The second U.S. dimension is manufacturing. In February 2026, PharmaEssentia announced a board-approved investment of approximately US$46 million (~NT$1.44 billion) to establish a wholly-owned manufacturing subsidiary in Toa Baja, Puerto Rico, with operations planned to begin in 2027. In March, the investment agreement was formalized at a ceremony attended by Puerto Rico Governor Jenniffer González Colón, the U.S. Department of Commerce Director for Puerto Rico, and the Director General of the Taipei Economic and Cultural Office in Miami — a guest list that underscored the diplomatic as well as commercial dimensions of the move.
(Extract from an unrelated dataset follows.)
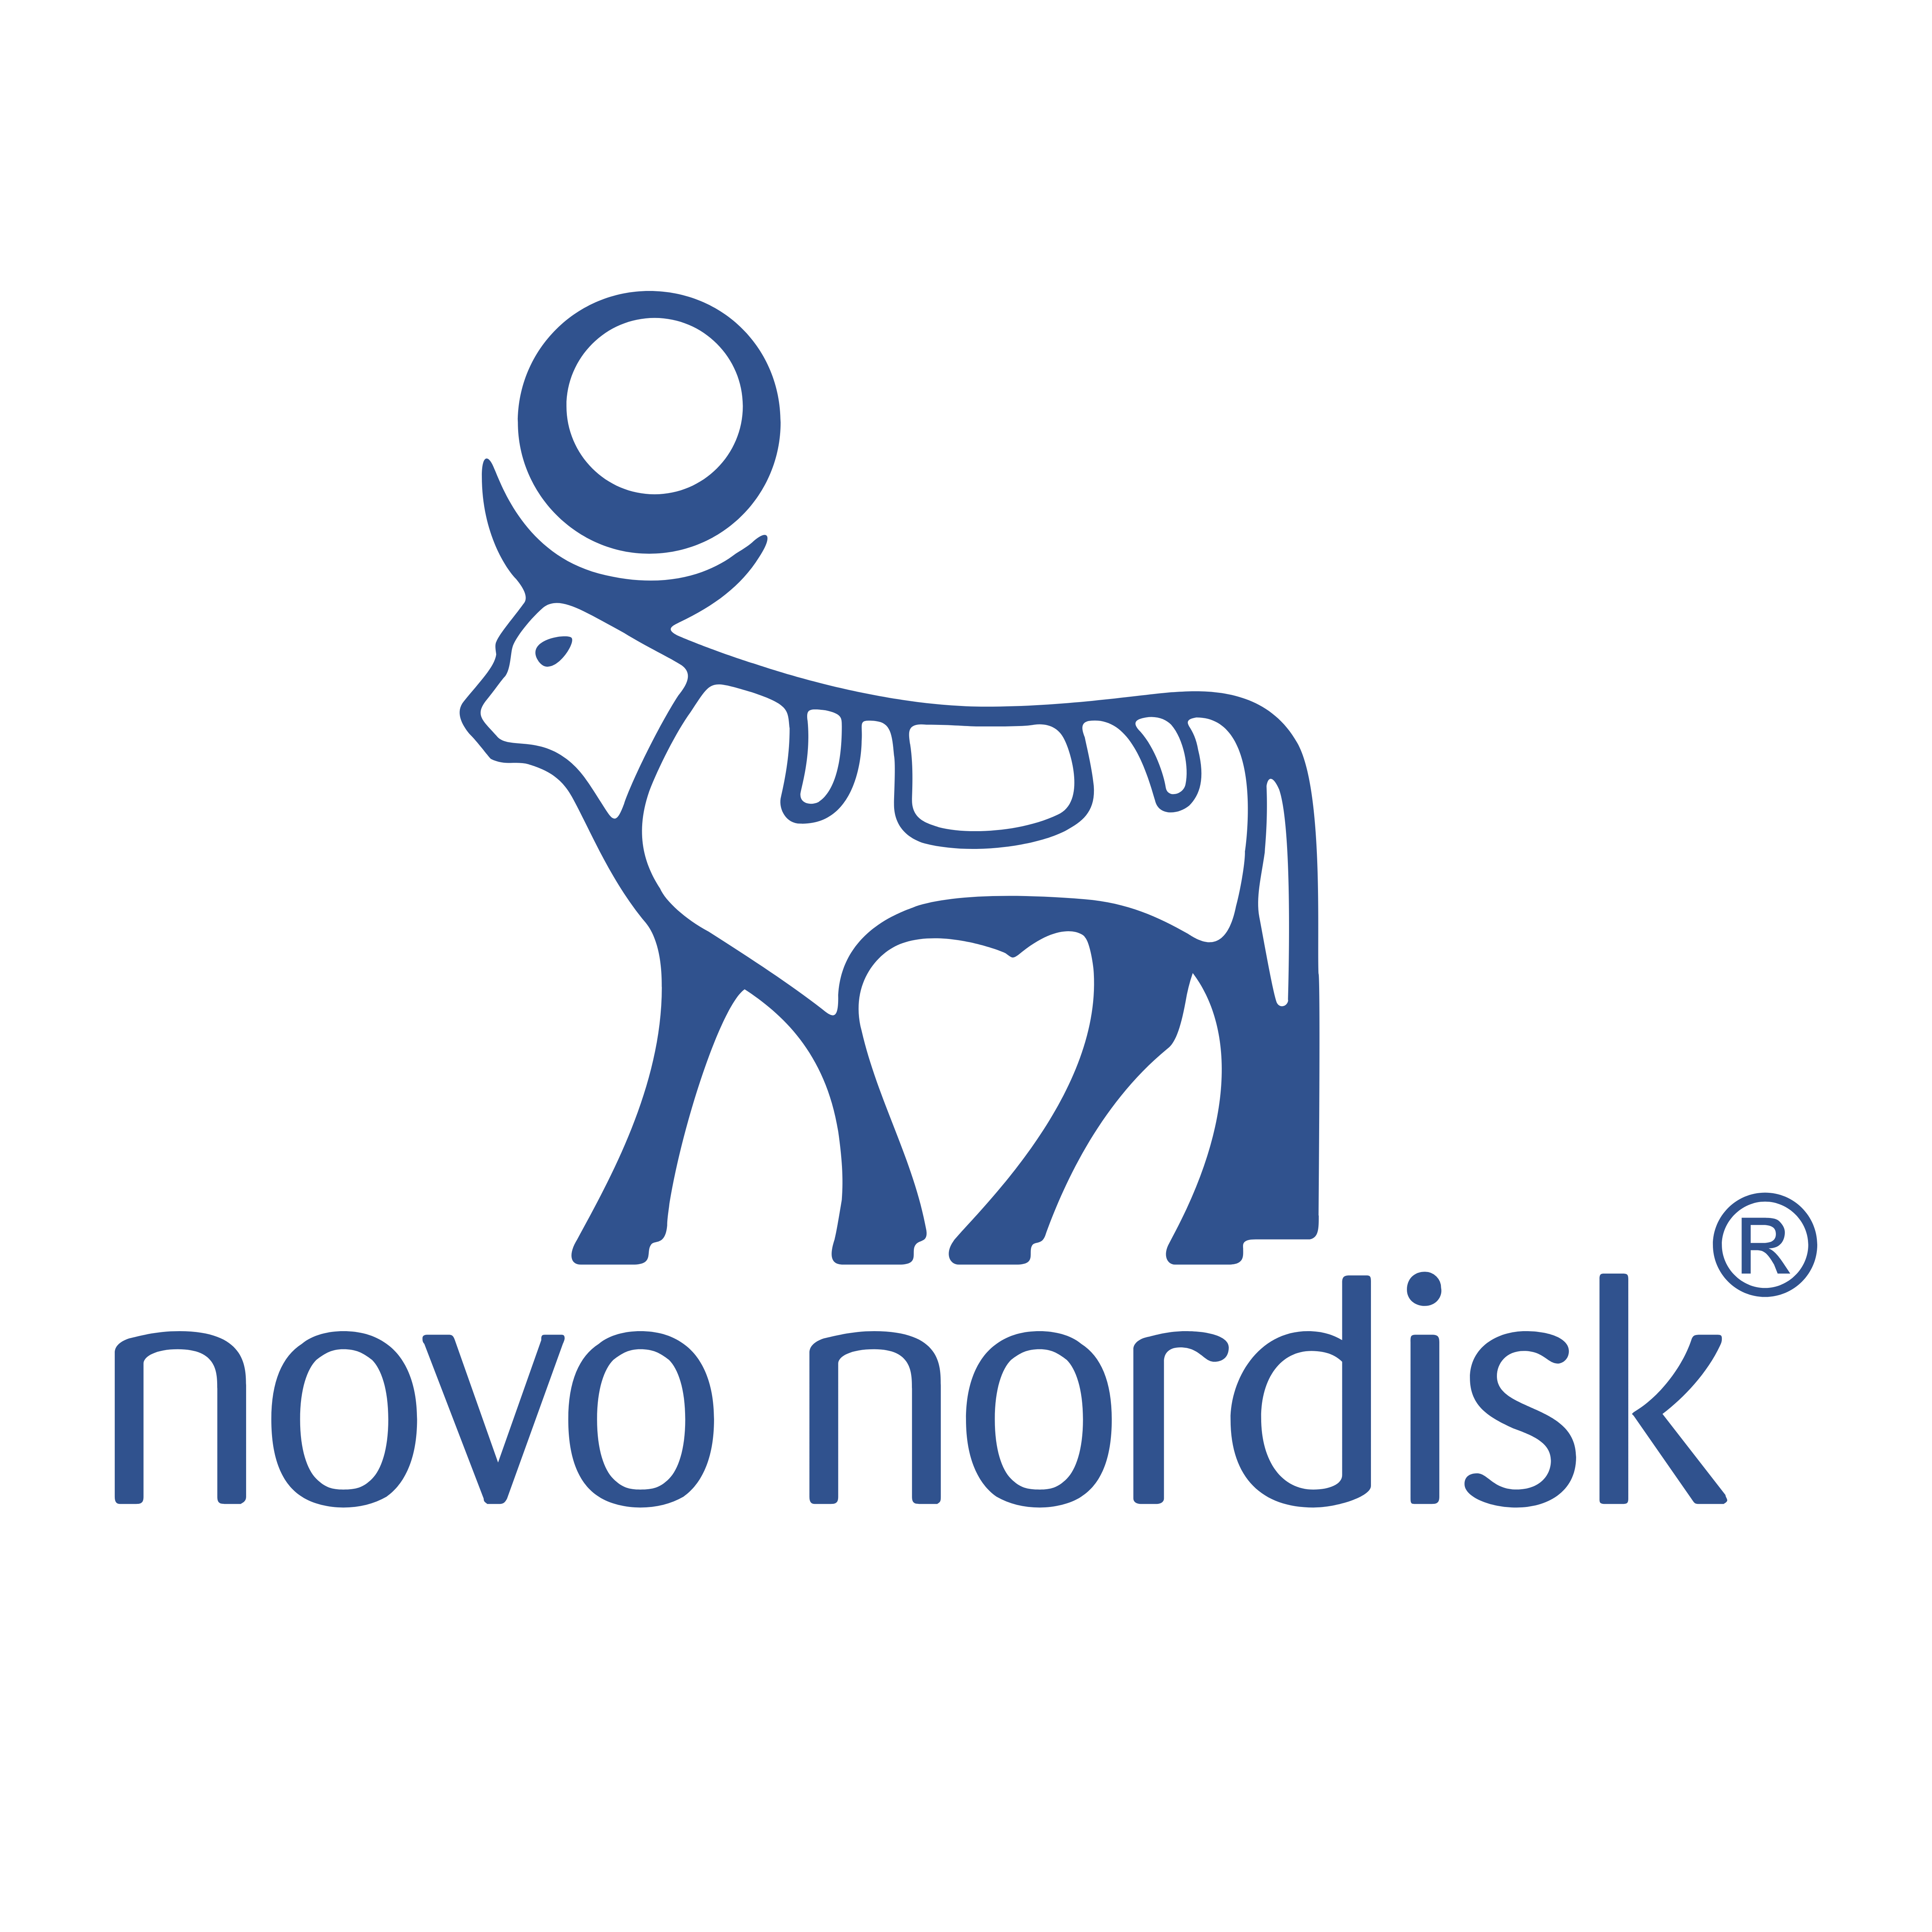 Big-Call-Depotupdate: Pharmamulti überzeugt mit starker Price-Action nach solidem Zahlenwerk - Novo Nordisk auf dem Sprung zu neuen Allzeithochs!

Puerto Rico sits inside the U.S. FDA’s regulatory perimeter, meaning products manufactured there ship to U.S. patients without additional cross-border clearances. The facility will be built to the same quality standards as the Taichung, Taiwan manufacturing site, and Puerto Rico staff will complete intensive training there before operations begin. Personnel from the original site transfer knowledge; the new site diversifies supply risk. The structure — identical quality standards, geographically distributed — is what the FDA’s own post-pandemic supply chain resilience guidance recommends.

Japan: Precision Regulation and the Value of Speed

Japan’s path to BESREMi® approval was the most methodical of the three. The Pharmaceuticals and Medical Devices Agency (PMDA) required a dedicated Phase II clinical study conducted specifically in Japanese patients — the A19-201 study — alongside the global Phase III PROUD-PV data before granting approval for polycythemia vera in March 2023. The PMDA’s insistence on Japan-specific data, a longstanding feature of its regulatory philosophy, extends approval timelines but produces a different downstream outcome: Japanese physicians receive approval supported by evidence drawn from their own patient population, which affects prescribing confidence and adoption rates.
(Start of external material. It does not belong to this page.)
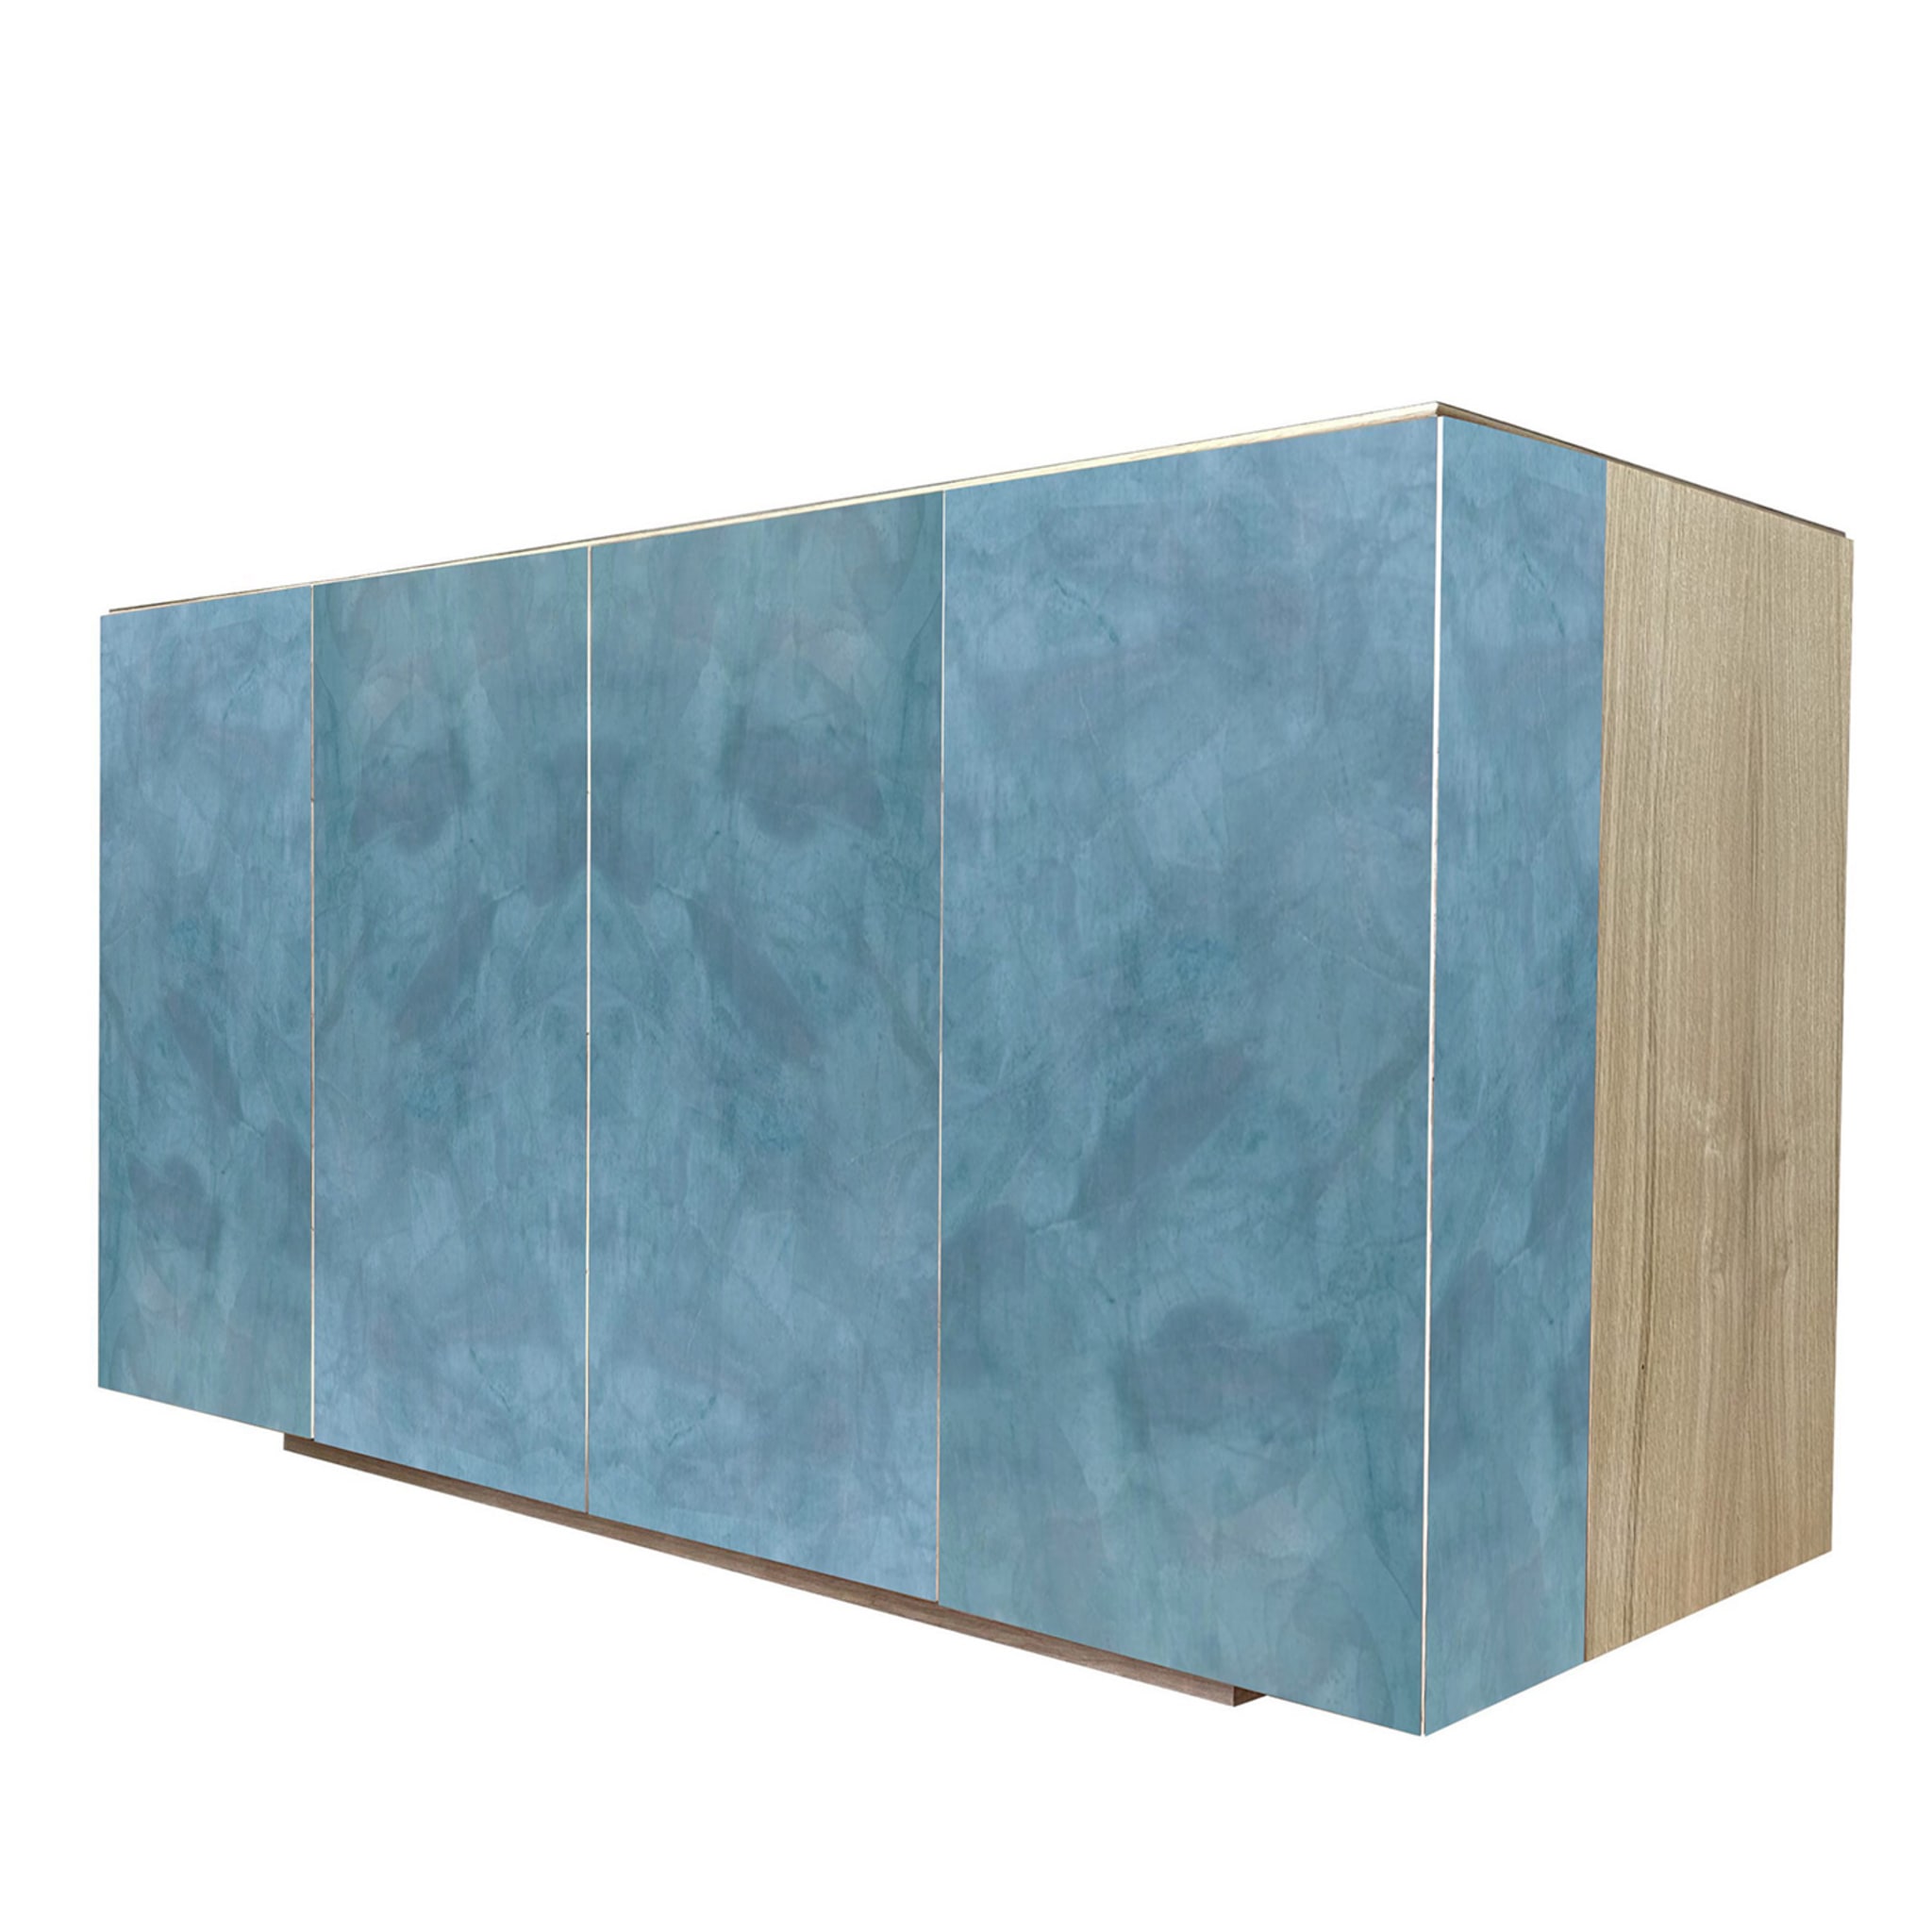 Boccadarno Sei 4-Door Blue Sideboard by Meccani Studio - Alternative view 1

That approval gave BESREMi® what industry observers call a “regulatory trifecta” — EMA, FDA, and PMDA — a combination that functions as a credibility signal in every subsequent market where the drug has not yet been evaluated. When regulators in Southeast Asia, Latin America, or the Middle East assess a drug lacking local clinical data, they routinely reference the EMA, FDA, and PMDA determinations as proxies. Completing all three narrows the evidentiary gap that slows access in smaller markets.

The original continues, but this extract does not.